When he began privacy work in 1999, Nahra said he had limited experience with the emerging field through cases of health care and insurance fraud. As the Gramm-Leach-Bliley and Health Insurance Portability and Accountability Acts came to be, Nahra said he “saw what seemed like an opportunity.”

“My core clients at the time were health insurers. Fortuitous for me, they happened to be the only companies who were covered by both of those laws and so they needed help. There was a new set of laws that were tied to them,” he said. “I sort of took advantage of it as an opportunity for me as a lawyer and at the time I didn’t know that it was going to be anything more than that. I would love to have said I predicted it would be this great, huge thing, but I cannot say that was the case.”

Twenty-four years later the field has changed drastically with a variety of HIPAA evolutions, ever-emerging and evolving issues like data security, data breach compliance and so much more. In 2019, after more than 30 years at Wiley Rein in Washington, D.C., Nahra moved to WilmerHale, where he said his scope in privacy work “greatly expanded.”

“If you go down the list of companies that have major privacy issues, we represent almost all of them on something,” he said.

Nahra said his professional interests lie “at the intersection of academics and policy and law.” He spends a lot of time and energy identifying issues and how to deal with them, for instance in the expansion of health-related data not regulated by the HIPAA rules.

“It’s both a problem and an issue right now. It’s a compliance issue, it’s a regulatory issue, it’s a legislative issue, it’s a policy strategy issue and it’s really interesting.
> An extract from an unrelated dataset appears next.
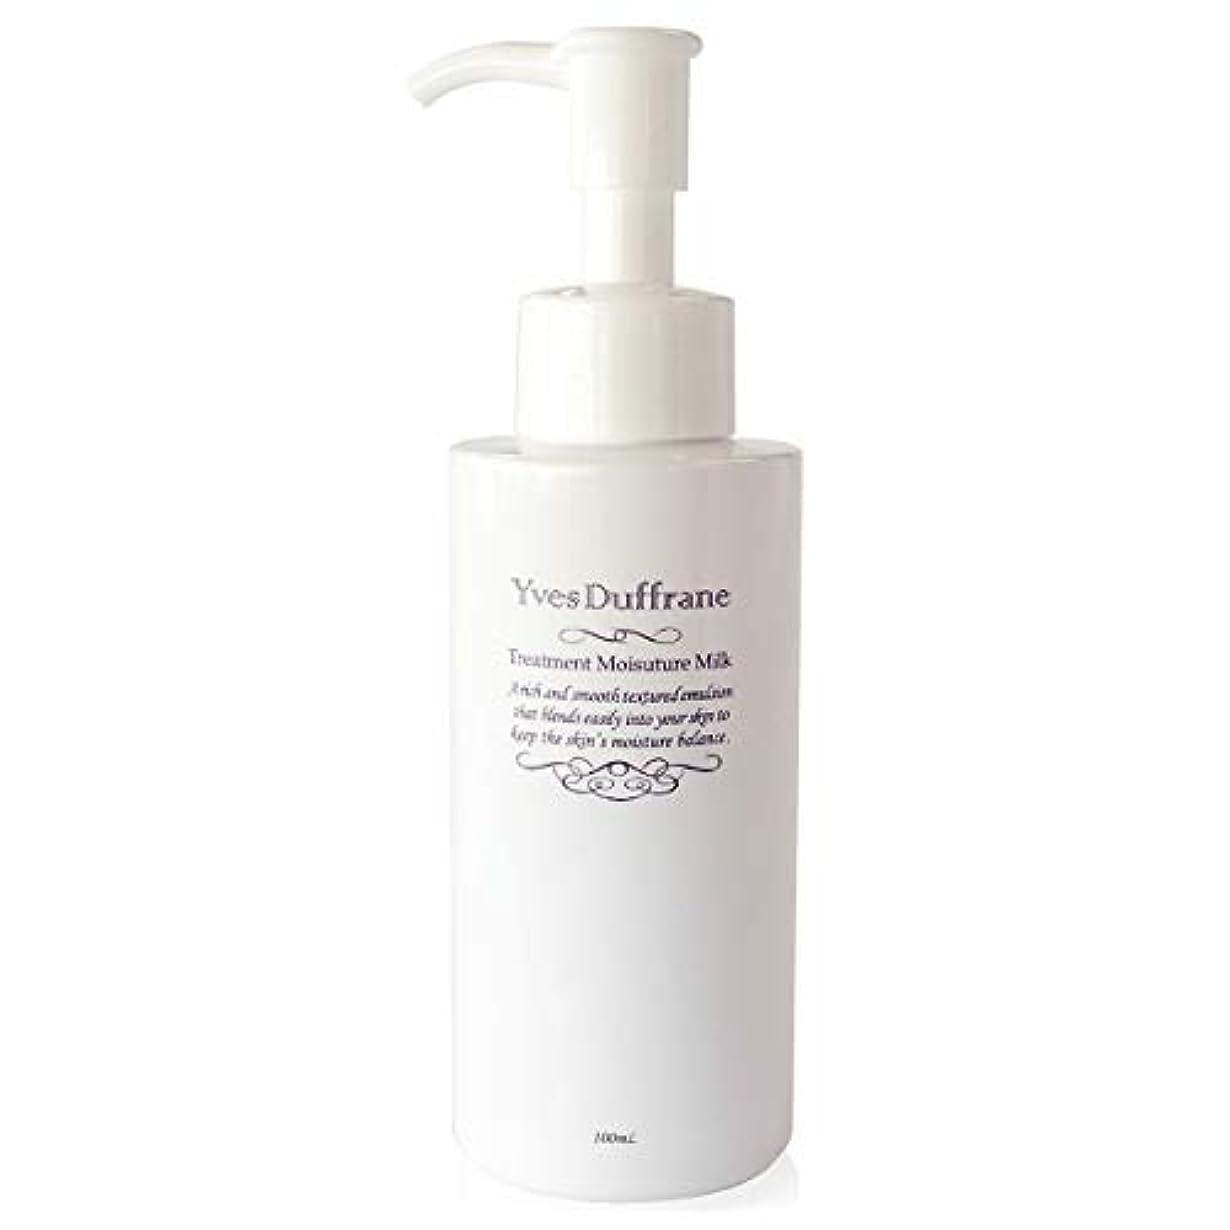 パノラマ修正する逆に乳液/セラミド アミノ酸 配合 [ 美容乳液 ] 増粘剤不使用 保湿 乾燥?敏感肌対応

I’m not sure I know the answer to it, but I know the right questions and I think a lot of them are not necessarily getting thought about enough,” he said.

Nahra also spent a lot of time on national legislative issues in recent years and closely watches advancements toward a federal privacy law. He worries too much time and energy is spent on “a couple of issues” around comprehensive privacy law, like preemption, while the substance of proposals and continuously emerging state laws are not getting enough attention.

“The (federal) proposals and the state laws at this point all exempt people covered by the federal laws. That’s ok. It makes my life sort of easier to some extent. But what that means, at the same time, is we’re going to continue to have different sets of rules for the same data held by different people,” he said. “I just think that’s a weird result and I think we’ve sort of backed into it, and I don’t know how much attention has been paid to it.”

Despite the issues and the work ahead, Nahra said he believes the U.S. will see a national privacy law “by the end of this presidential term” — January 2025.

If efforts to pass federal legislation continue to fail in Congress, Nahra said he’ll be watching closely as more state legislators are likely to pass laws “or at least get them started” in 2023.

“I think that becomes a sort of circular effect, as more and more states start to do that, I think it puts more pressure on companies and the companies will put more pressure on Congress to have a national law,” he said. “So that cycle could play on itself. I don’t know if that’s going to happen at all, but I think there’s a decent chance it happens.”

At this stage in his career, with seniority and years of experience, Nahra said the volume of clients he works with is “enormous.” He not only handles day-to-day topics like security breaches, state laws and privacy policies, but is also often called to consult on cases. It also gives him the flexibility to explore topics like federal privacy legislation and to give back through teaching, mentorship and just being a resource to those who need it.

“I try to encourage it and there are certainly days where it’s difficult, but I think it’s important to do, I like doing it and I think I’m good at it, for the most part,” he said.